Journal of Physical Studies 2(2), 205–212 (1998) DOI: https://doi.org/10.30970/jps.02.205 ION-BEAM-INDUCED CRYSTALLIZATION AND AMORPHIZATION IN Zn+-IMPLANTED SILICON

M. Kalitzova^a, R. A. Yankov^a,1, S. Simov^a, Ch. Angelov^b, G. Vitali^c, C. Pizzuto^c, G. Zollo^c, D. Manno^d, J. Fauré^e, L. Kilian^e, P. Bonhomme^e
aG. Nadjakov Institute of Solid State Physics, Bulgarian Academy of Sciences, BG–1784 Sofia, Bulgaria,
^bInstitute of Nuclear Research and Nuclear Energy, Bulgarian Academy of Sciences, BG–1784 Sofia, Bulgaria,
^cDipartimento di Energetica, Universitá di Roma ‟La Sapienza”, and INFM, Via A. Scarpa 14–00161 Roma, Italy,
^dDipartimento di Scienza dei Materiali and INFM, Universitá di Lecce, Via Arnesano, 73100 Lecce, Italy,
^eLaboratoire de Microscopie Electronique, Université de Reims, INSERM U314 UFR Sciences,
21 Rue Clement Ader, 51100 Reims Cedex, France,
^a< Markaliz@bgearn.acad.bg >

The microstructural changes which occur during high–dose Zn$^+$– irradiation of (100) silicon have been studied.

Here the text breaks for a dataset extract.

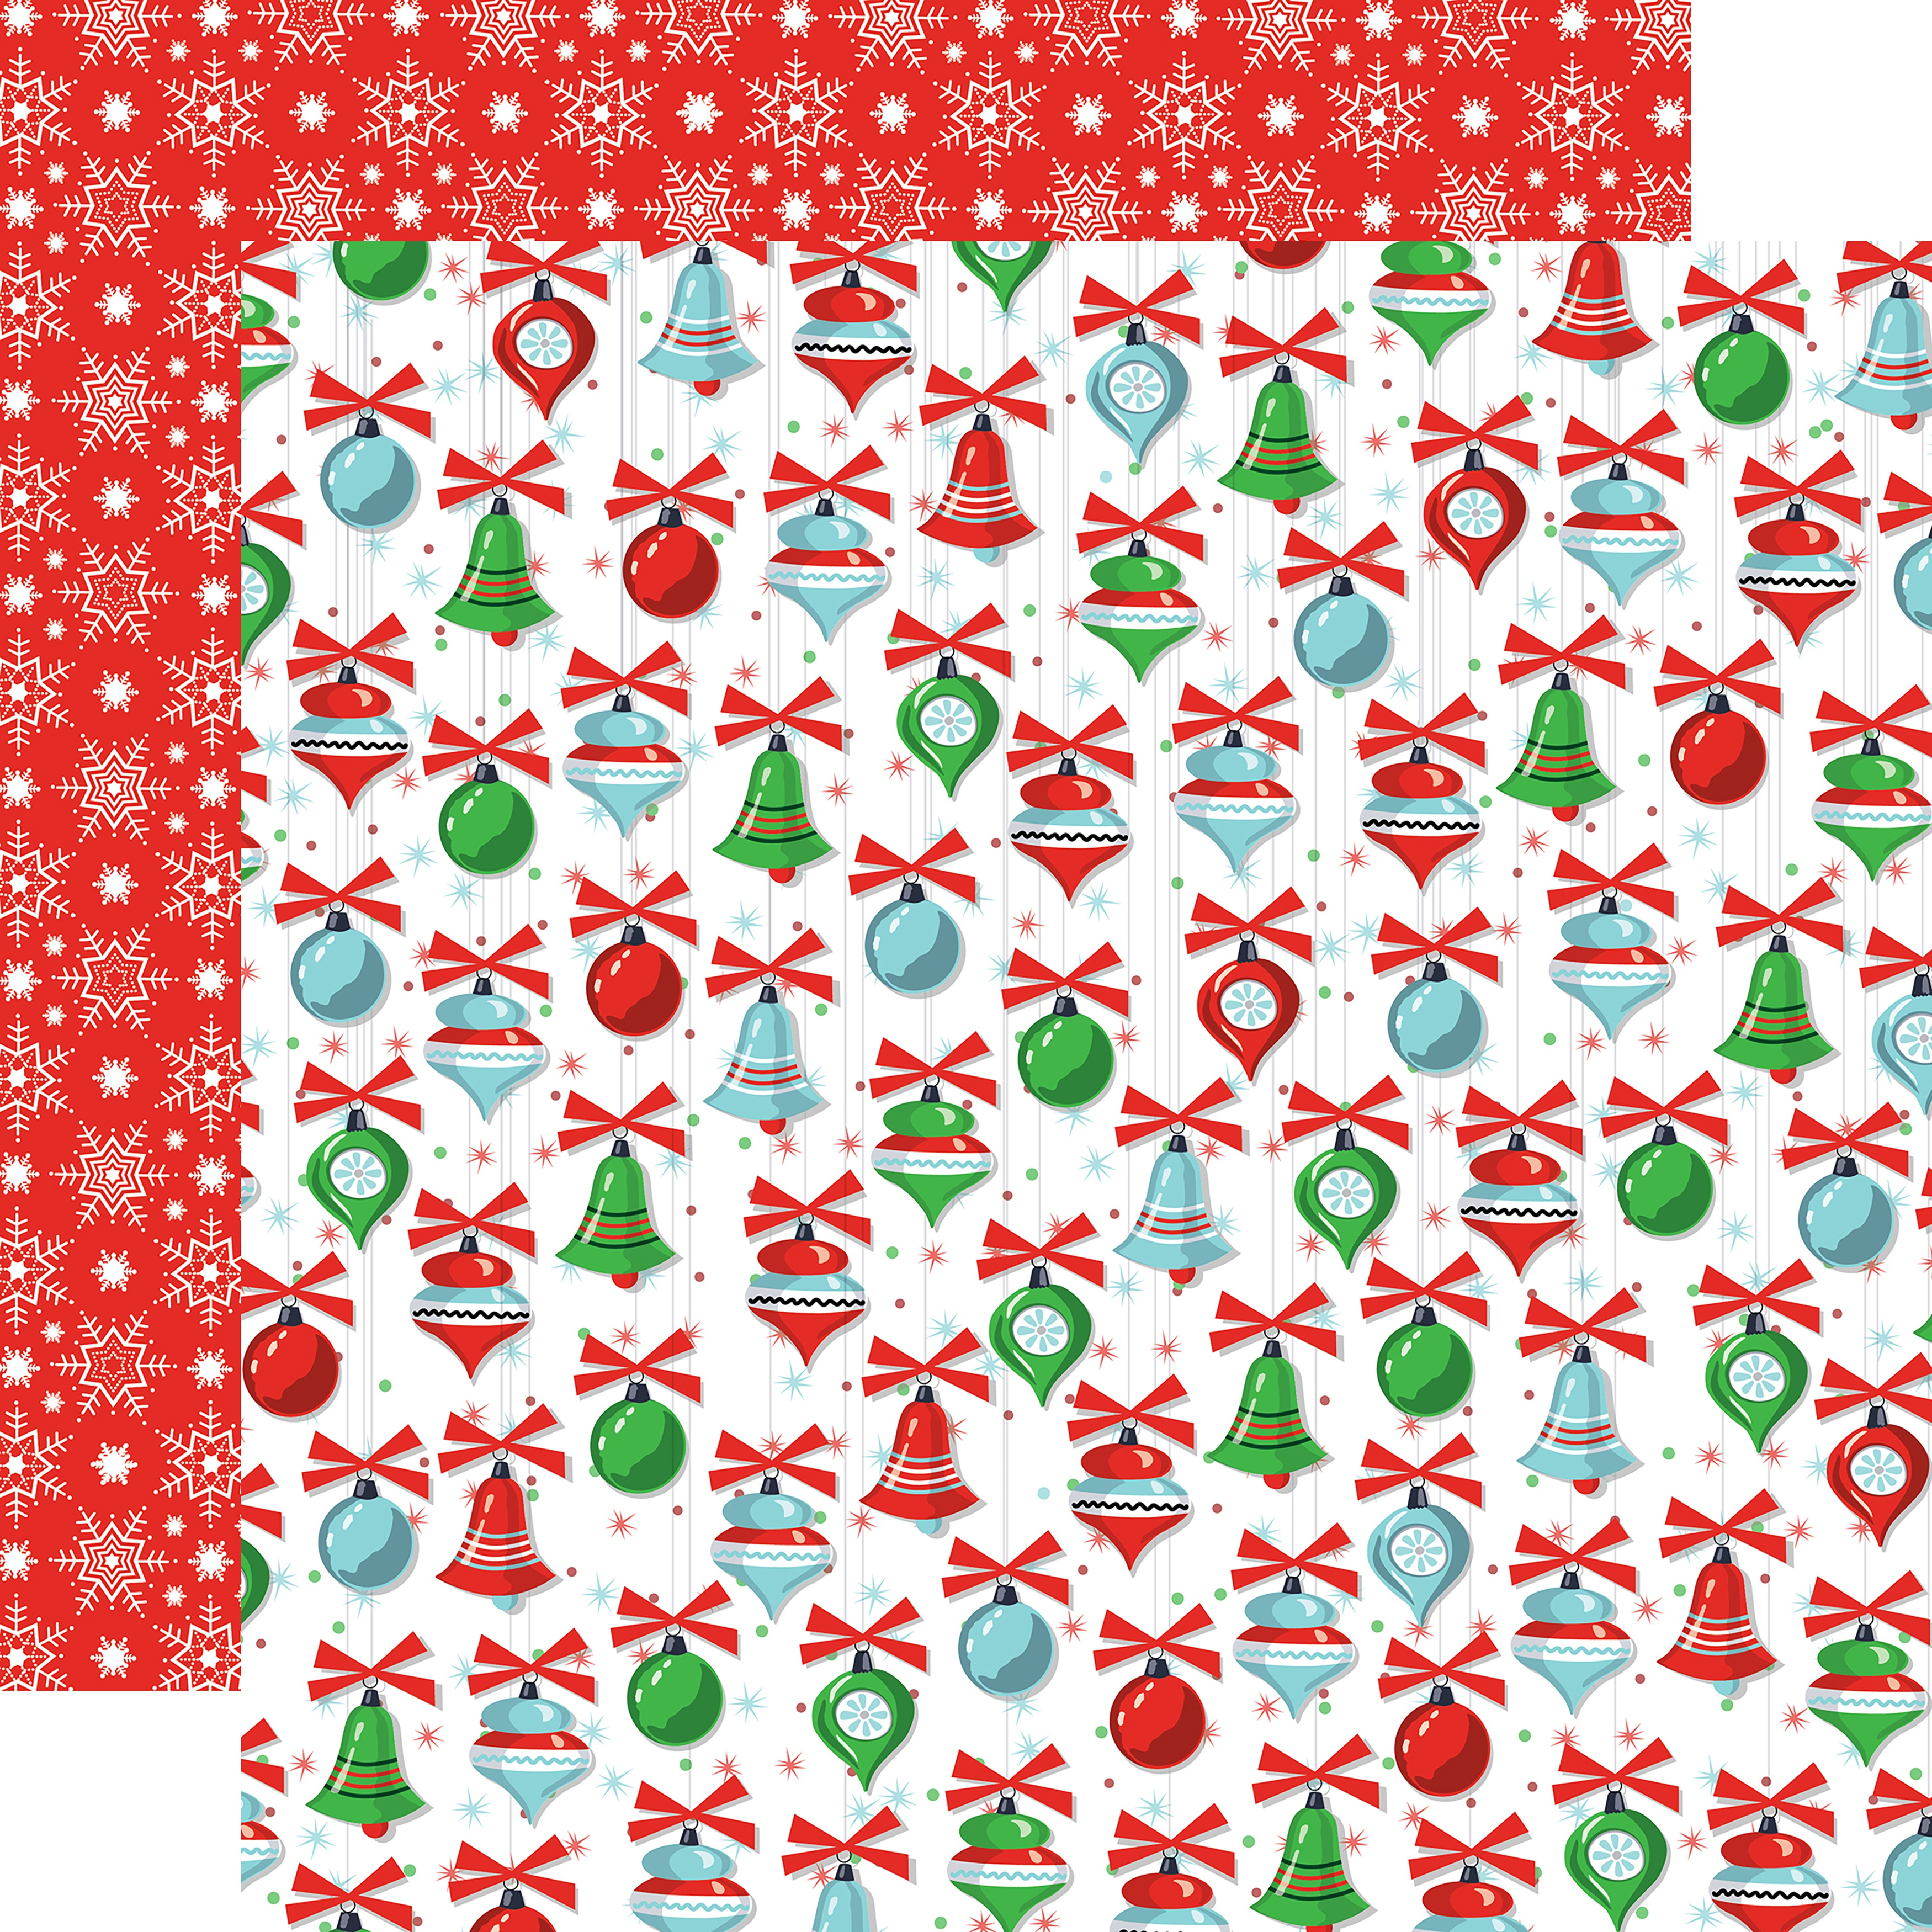 PPR - SANTA'S WORKSHOP CHRISTMAS TRIMMINGS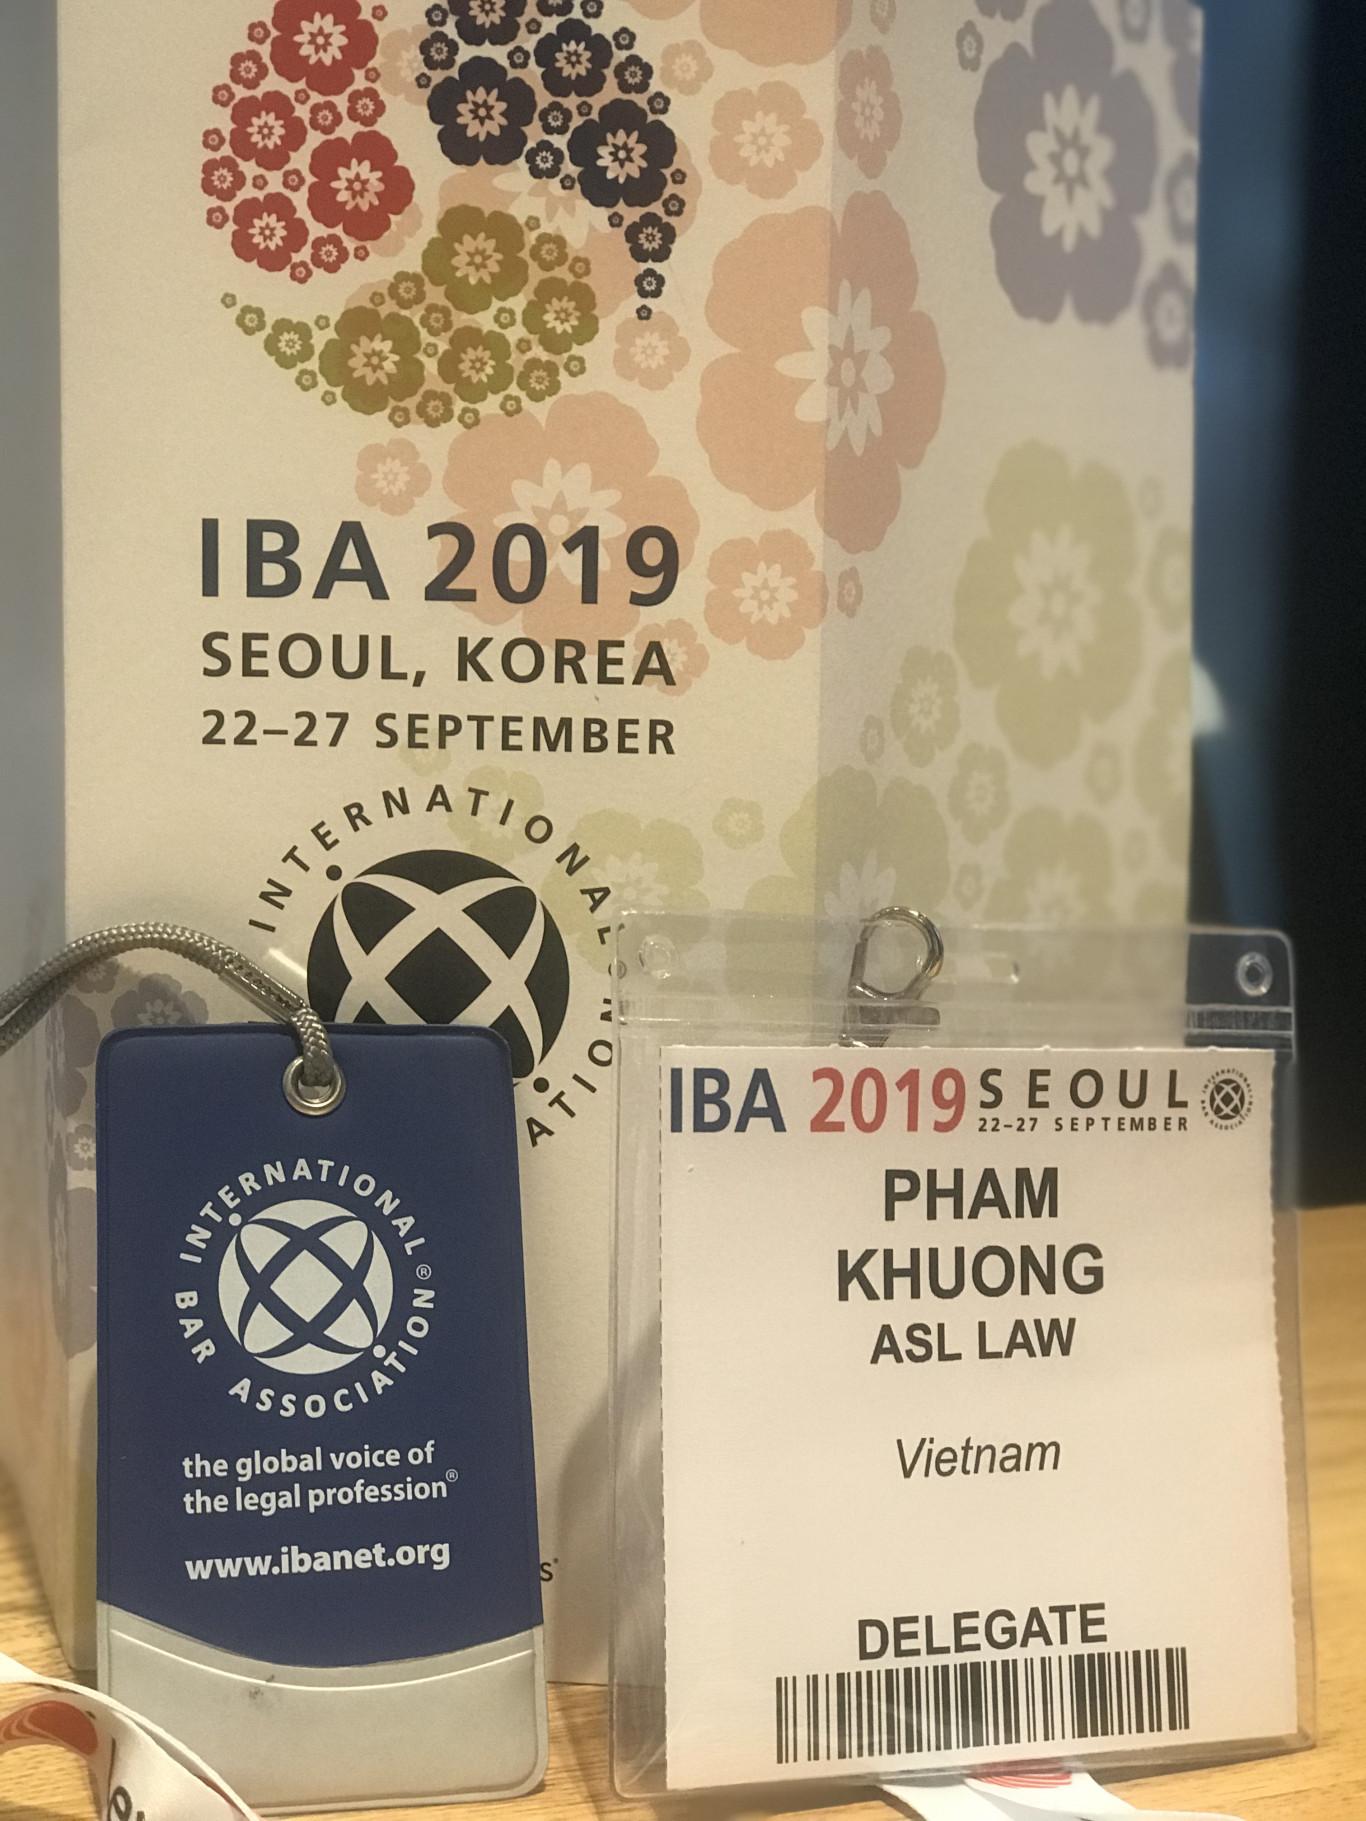 ASL LAW attended IBA 2019, Seoul. Vietnam International Law Firm. Vietnam Law Firm

The implantations have been carried out at the energy of 50 keV using a beam current density of 10$μ$A cm$^{-2}$ and ion doses in the range of 1$\times$10$^{15}$ to 1$\times$10$^{18}$cm$^{-2}$. Cross–sectional transmission electron microscopy in diffraction contrast and phase contrast modes has been employed in conjunction with other analytical techniques and computer simulations. The kinetics of the ion beam induced crystallization process has been examined as a function of implantation dose. A specific crystalline overlap has been observed in the near surface region influenced by the implantation, and this has been interpreted as formation of superlattices where Zn alternates Si along (111) direction. The experimental results have been discussed in terms of microscopic beam heating effects and the concept of critical dose ranges.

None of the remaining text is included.